Sheboygan Press: Millennial newcomer easily earns seat on SASD board

SHEBOYGAN – Early results from this week’s election show newcomer Kyle Whelton, 24, with a significant lead over four Sheboygan Area School District Board of Education incumbents, and perhaps no one was more surprised than the man himself.

“I was not expecting to come in first in the unofficial results,” Whelton said on Wednesday. “My reaction? It’s humbling.”

Whelton, a graduate of Marquette University and product of the Sheboygan Area School District, said his political science studies taught him to expect that incumbents will have the upper hand in most races. “So, I knew that I had to work two or three times as hard,” he said.

While votes will not be certified for several days, Whelton’s lead will earn him a spot on one of the board’s four open seats. As of Wednesday afternoon, unofficial totals showed Whelton with 4,609 votes.

His four incumbent opponents included: Jennifer Pothast — 4,137; David Gallianetti — 4,073; Larry M. Samet — 3807; Peter Madden — 3797. Due to the close nature of the race, USA TODAY NETWORK-Wisconsin will not call the winners until official results are certified.

Whelton primarily attributes his success to what he calls “a grassroots effort” that saw him and his volunteers knocking on about 2,700 doors to connect with voters personally. His alum status with the district also helped.

“And for other folks it was in part the excitement over a younger person running,” Whelton said. “I’ve been hearing a lot about how my generation is too disconnected from what is going on locally and nationally.”

Whelton will be seated at the April 25 school board meeting. The board will also hold its annual reorganization meeting to vote on officers that day.

Millennial sweep in the city

Whelton, a business analyst at Acuity, believes that having a millennial on the board could help address one major complaint that he’s heard—a lack of young voices when the district or city is seeking community feedback and solutions.

“I have a duty to bring in and engage my generation when there aren’t enough people my age at the table,” Whelton said.

Growing up as a teen in Sheboygan, Whelton said he had the same mindset as some young people that Sheboygan isn’t an ideal place to live unless one is a parent or a retiree.

However, upon returning from Marquette as a young professional, he’s discovered “all kinds of opportunities here,” especially thanks to his involvement with the Coastal Young Professionals group, and now hopes to combat the stereotype that Sheboygan has nothing to offer young people.

He is encouraged by other millennials’ strong showing in the April 4 election, noting how Sheboygan aldermanic candidates Markus Savaglio and Ryan Sorenson are also about his age. Early results show both men easily sweeping their respective races against incumbent opponents.

Whelton said his generation is starting to emerge in the community as new parents with young children who will be joining the district, and it is important for their voices to be represented in leadership. He also looks forward to being representative of someone who grew up in the digital age and offering that viewpoint.

David Gallianetti, longtime veteran and current vice president of the board, was shown retaining his seat in early results.
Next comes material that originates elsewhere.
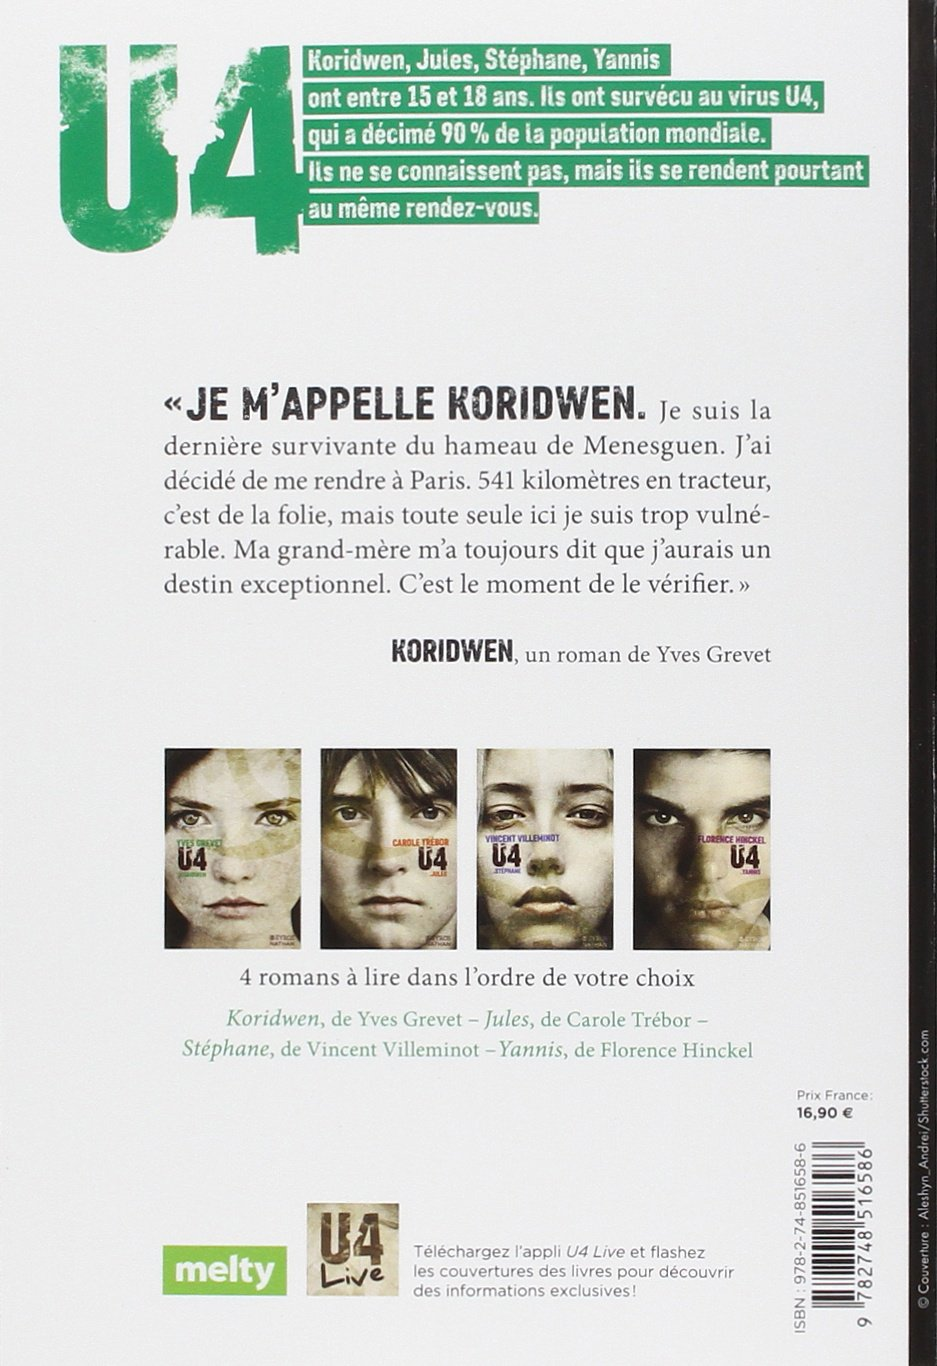 [Critique Littéraire] U4 Koridwen - Yves Grevet
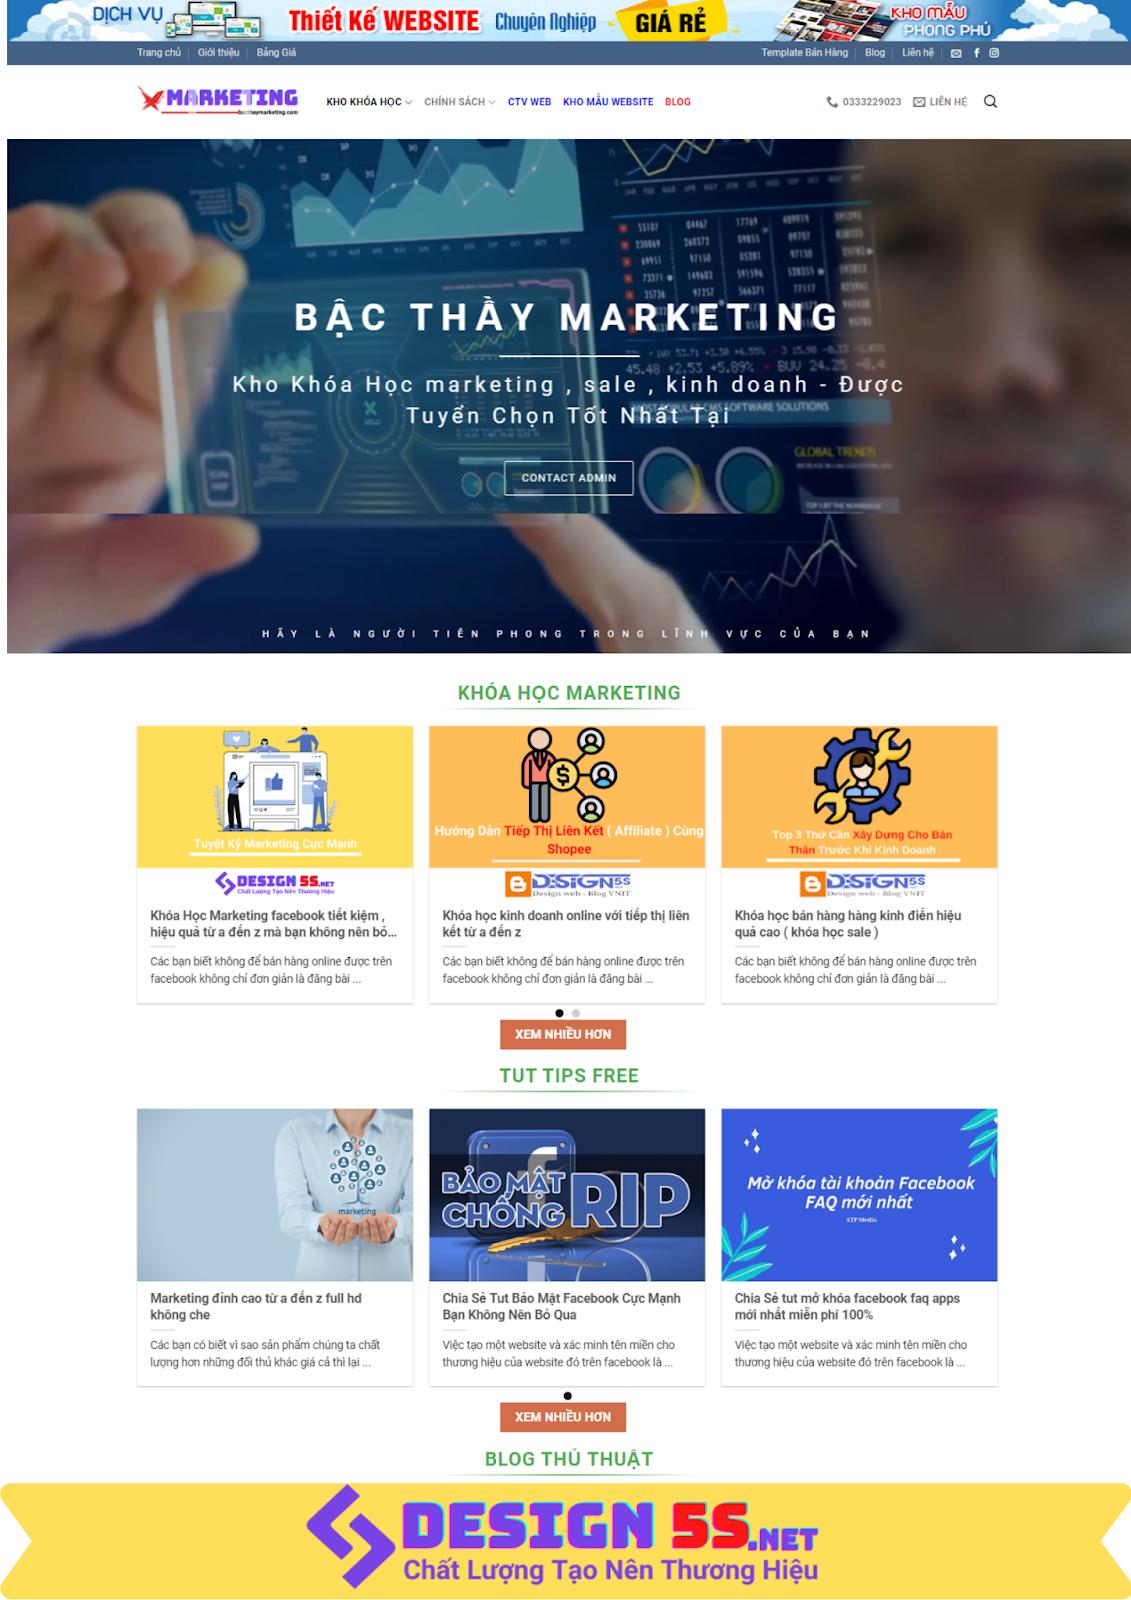 Mẫu website bán khóa học online chuyên nghiệp, hiện đại - Ảnh 1

He said Wednesday that the ability to continue serving is “exciting,” especially with a strong showing from his opponents.

“We have some exciting things ahead of us and we’re in pretty good shape,” Gallianetti said.

Both Whelton and Gallianetti agreed that the superintendent search and creating a game plan for Joe Sheehan’s replacement will be a priority for board members, along with continued focus on academic career planning.

Gallianetti does not believe there's been a board member under 30 years old in recent years and thinks Whelton may be one of the youngest ever in the district's history.

“I think it’s great,” he said of Whelton's addition. “He has a lot of energy and did a great job running his campaign. He’s also a Sheboygan kid and has that perspective, along with leadership experience at Marquette.”

“There’s always a yearlong learning curve; it really takes about a year to get your feet wet,” he said. “But, his experience has prepared him well and I expect him to be a solid board member.”

Whelton is looking forward to working with other members. “It’s not healthy for one person to go rogue — you really need to function as a board,” he said. “I’m excited for the work and humbled to be a part of it.”